I mean I did complain on lemmy about how annoying it was a few times, its a shame too because this problem turned out to be super simple and potentially super common, it would just take a couple of lines being changed on the official setup guide to resolve it… actually come to think of it since its just renaming a file all it would take is having 2 copies of that file in the image with both names since only one is ever going to be used at a time anyway.
For sure, you never lose your right to complain. But be fair to yourself too, even if you complained incessantly, you stuck it out (and what is a Linux user without incessant complaining?).

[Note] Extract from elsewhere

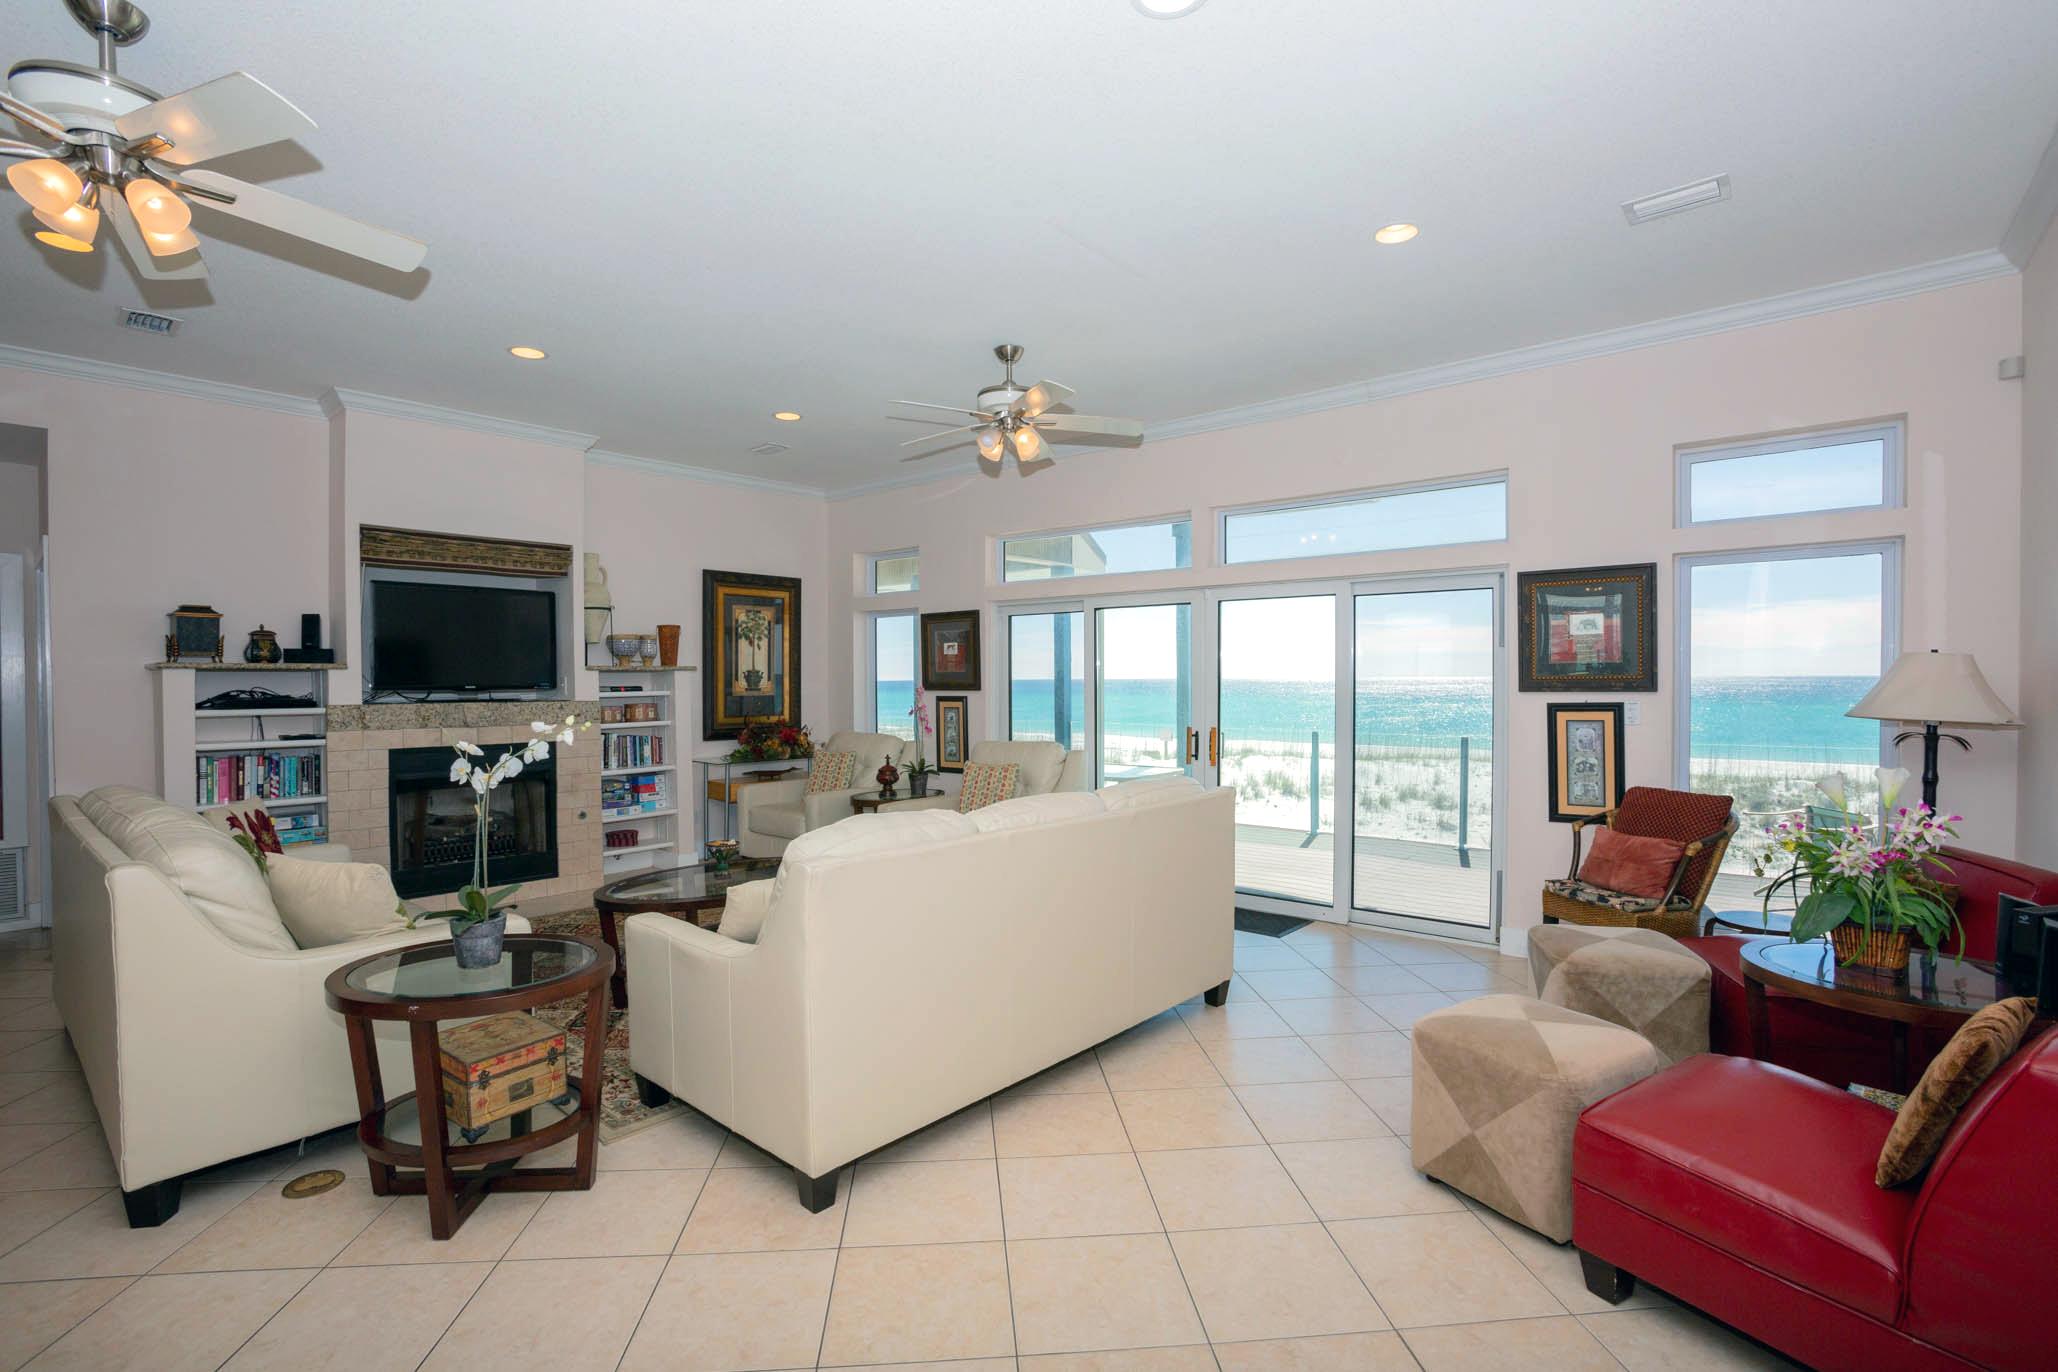 Ariola 1214 House/Cottage rental in Luxury Homes in Pensacola Beach Florida - #9
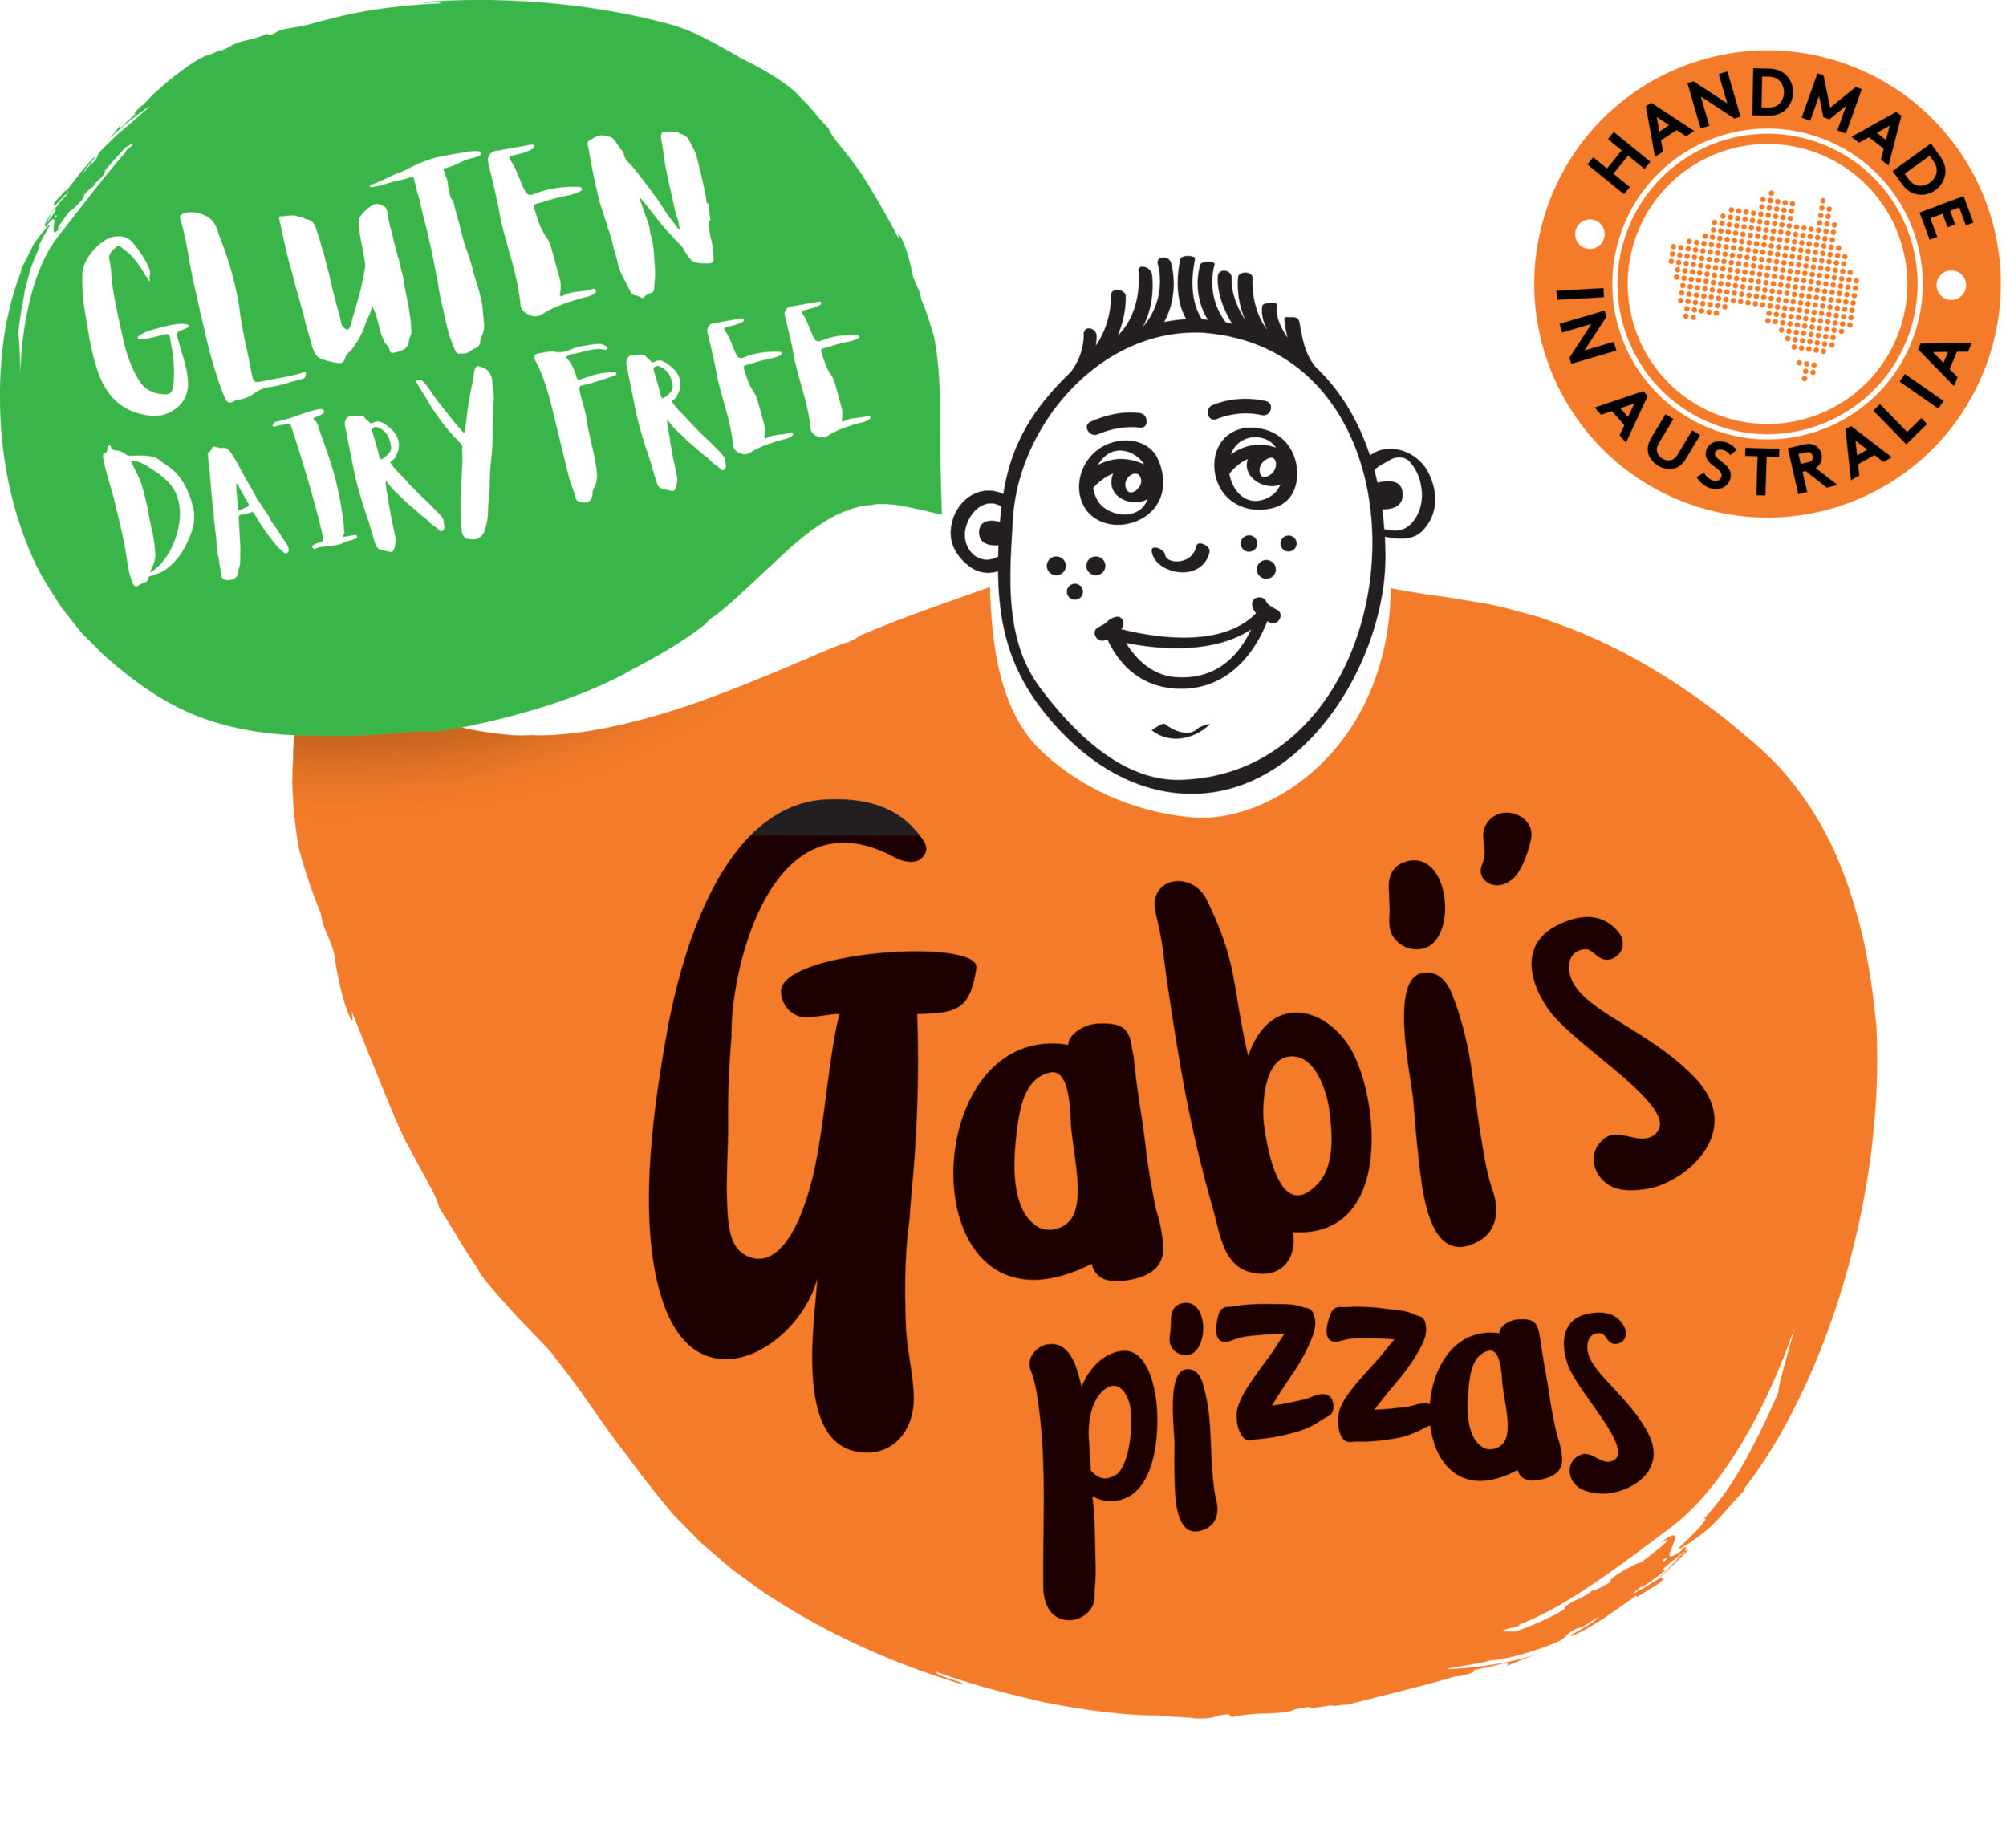 gabis-pizza.png

The point is what you said though, they could very easily solve an issue that could be preventing a large group of potential users from adopting… because the maintenance team doesn’t want to update the installation guide or the file names. Again, it’s a very Linux thing for them to take that position. And that’s why I end up recommending an Ubuntu spin to people, even though I think the whole package that Mint presents is nicer out of the box.
I mean if people move to steamOS how is that not a win?
That is a win. I was just surprised to not see anyone just say any of the existing distros, you know, multiple solutions that already exist.
Years ago this is exactly what happened with Windows XP. I still see the odd one hanging around somehow. I suspect this will be very similar.
Strange, I was also on a thread about ending support, and I found (and upvoted) tons of comments about switching to Linux. Must have been from different communities.